Open kazuho opened 9 years ago

kazuho commented 9 years ago

note: original discussion started at: https://github.com/kazuho/Starlet/pull/18#issuecomment-68482928

Ordinary HTTP deamons (e.g. Apache) is capable of logging broken requests. For example when you send a\r\n\rn to Apache, it emits 127.0.0.1 - - [02/Jan/2015:18:27:46 +0900] "a" 501 213 "-" "-" to the access log.

But logging such broken requests is impossible for PSGI-based standalone servers that rely on Plack middlewares for access logging, since the PSGI specification does not allow servers to push broken (or incomplete) requests to handlers.

Should the spec. be extended to allow Plack-based loggers to log broken requests?

miyagawa commented 9 years ago

Thanks for opening the issue!

As you can follow the thread on Starlet, there are two possible suggestions:

Allow psgix env var to indicate that the current request is incomplete/broken

Server will (optionally) mark the broken or invalid request with psgix.invalid_request and such, and send as a regular PSGI env to the application.

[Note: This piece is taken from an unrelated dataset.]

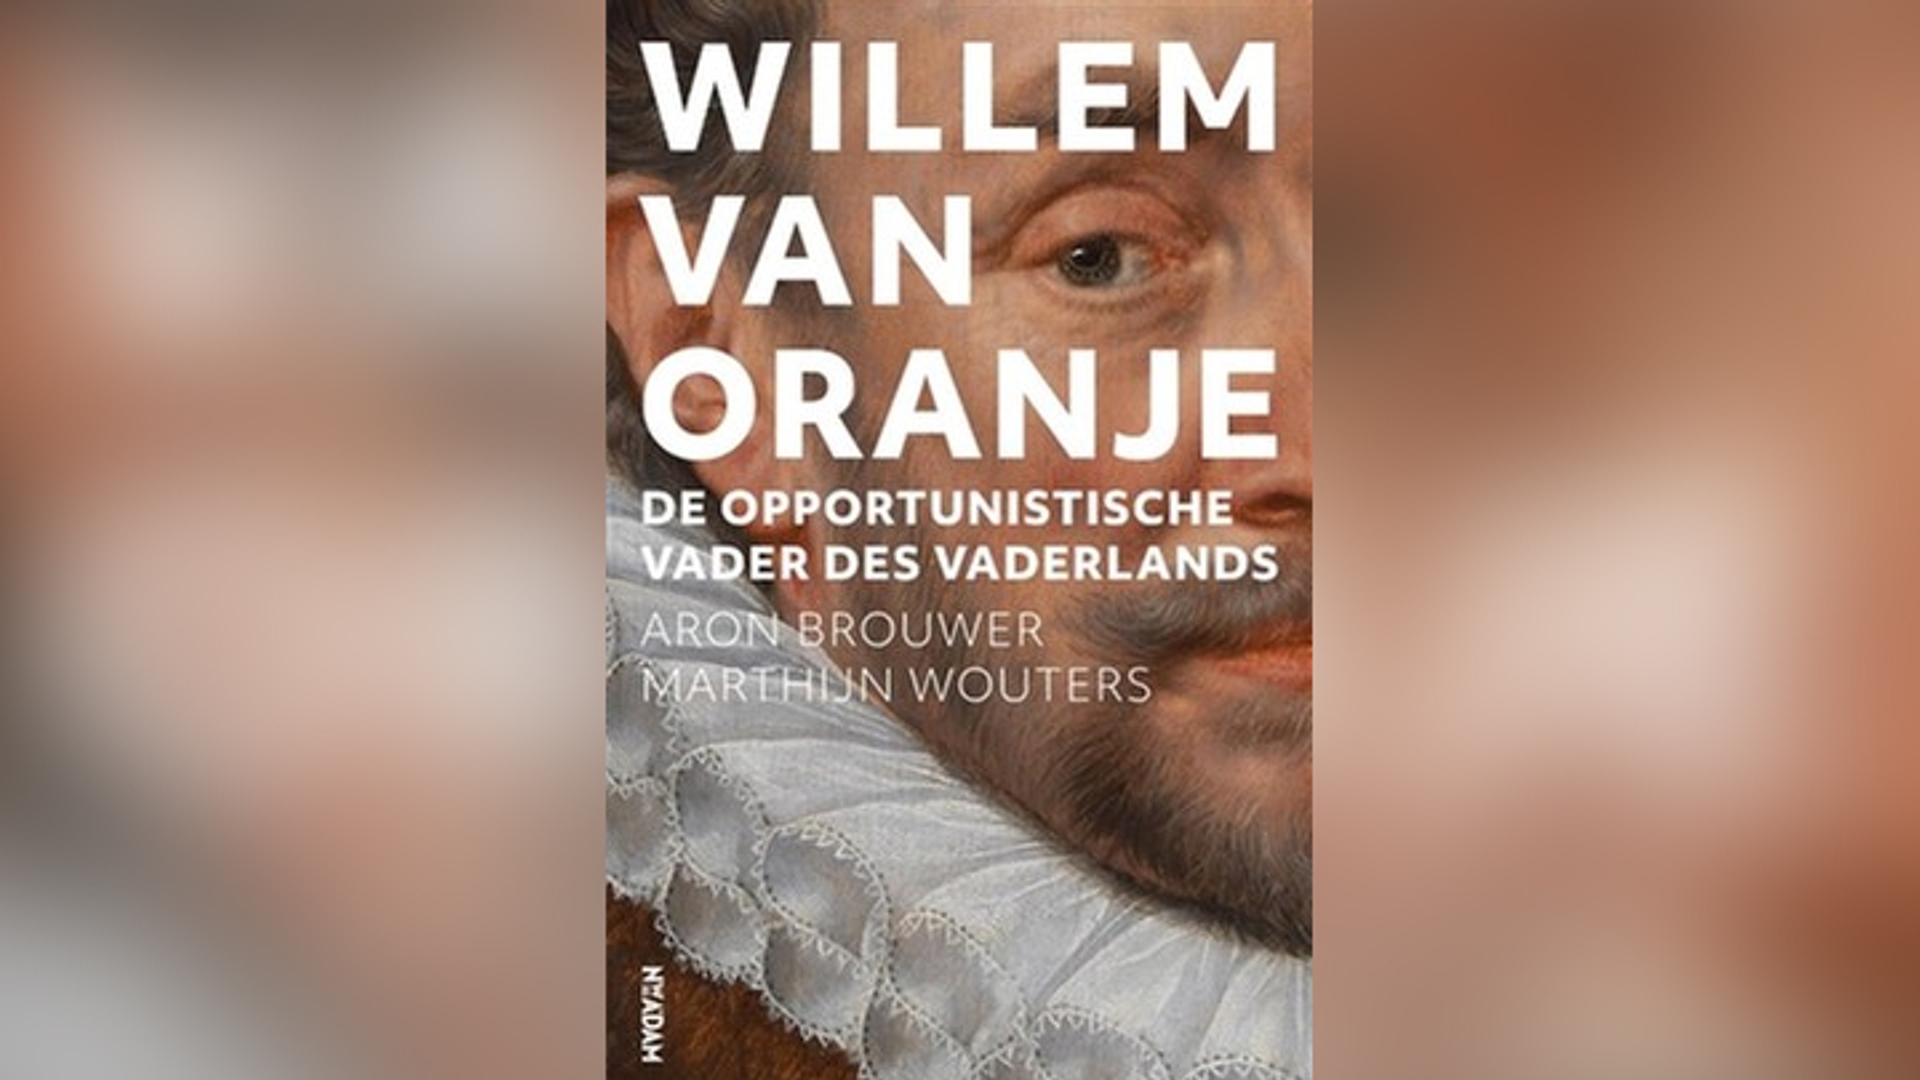 Boek Willem van Oranje

Application will look at that PSGI environment variable and do whatever it wants to do, such as logging to a special error log, or just throw it away.

Because PSGI specification does not currently have a way for application to server, there needs to be a way for developers to turn on this option, because otherwise PSGI application that are not aware of will be sent such requests and cause unexpected behaviors (as stated in the original issue).

Servers support Error Handlers app

In addition to the regular (main) PSGI application, servers will accept a separate PSGI application handler to handle such errors. This is close to Apache's error handler directive, and actually Plack has its ErrorDocument middleware that accepts such error handlers (although the implementation is a bit rough).

This probably does not need a revision in the PSGI spec itself, but could have a standardized/common way to specify such error handlers across server implementations.

Because you specify two different PSGI applications, developers have a complete control of specifying what to do in the error case, which might be useful if you want to deploy a PSGI application written by third party (such as the one on Github or CPAN).

The downside would be you possibly have to duplicate the middleware stack, both for the main application and error handler application, and if you need to share some resource such as open UNIX socket or file handle, it might be difficult or impossible, depending on what you want to do.